Матушка плакала от счастья даже потом, за столом, все заставляла пить чай стакан за стаканом и закармливала пирогами.
Тетка Елизавета Петровна была все такая же непоседливая, шумная, все так же, с храпом, нюхала табак да стучала костылем, но только старость сделала ее совсем страшной, у нее полезли черные усы и залохматились брови.
Когда я уезжал, Нина была еще совсем подросток, теперь же в гостиную входила тонкая робкая девушка, вечно смущенная и молчаливая, от которой нельзя было добиться и слова. От прежней Нины, с которой мы играли в дурачки на орехи, в ней осталась, пожалуй, лишь родинка в углу рта, ставшая еще более заметной и сильно портившая ее чистое, все еще детское лицо. За чаем нас усаживали с ней рядом, и мы смешно отражались в круглом сверкающем самоваре, я – раздувшись в полкомнаты, выпятив, подобно арапу, губы, и она – сузившись в скобочку. Снова она дичилась меня, и это было тем более непонятно, что в первую минуту она обнимала и целовала меня вместе со всеми.

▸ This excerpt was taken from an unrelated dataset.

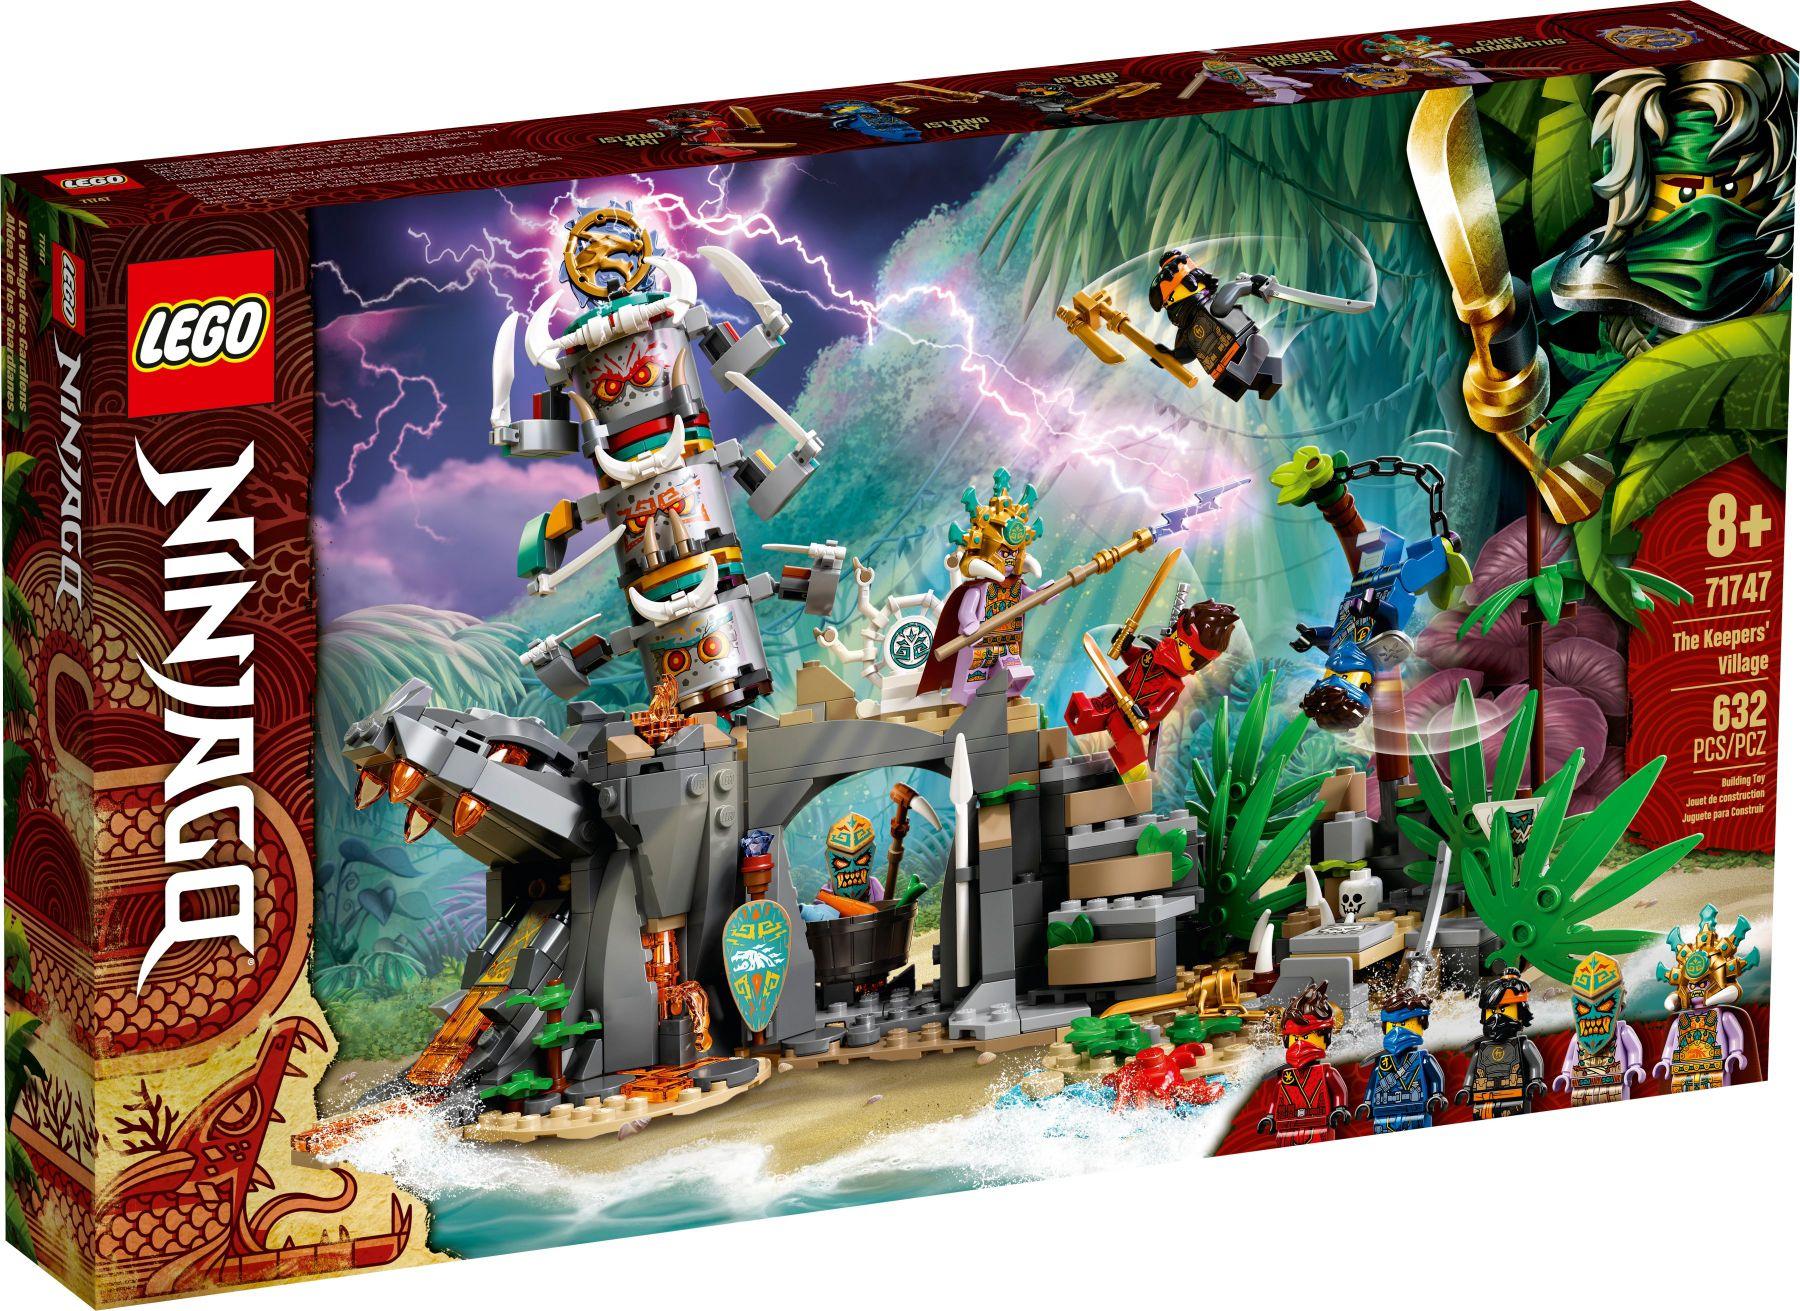 Alternate - Lego Ninjago 71747 Das Dorf der Wächter

На следующий день после моего приезда к нам примчался Николенька. Он пополнел, раздался, превратился в развязного болтливого господина, от которого вся комната моментально наполнялась запахами табака, пота и кельнской воды. Николенька делал карьеру по статской службе, был чиновником для особых поручений при губернаторе и битый час рассказывал о своих шансах на Петербург и министерство. При этом он то и дело принимался тискать меня в своих объятиях и все спрашивал, отчего мне пришла в голову глупость оставить службу. Я сделал было попытку объяснить ему что-то про то, что служить надобно достойно, а если не знаешь, как это делать, лучше не служить. Он засмеялся.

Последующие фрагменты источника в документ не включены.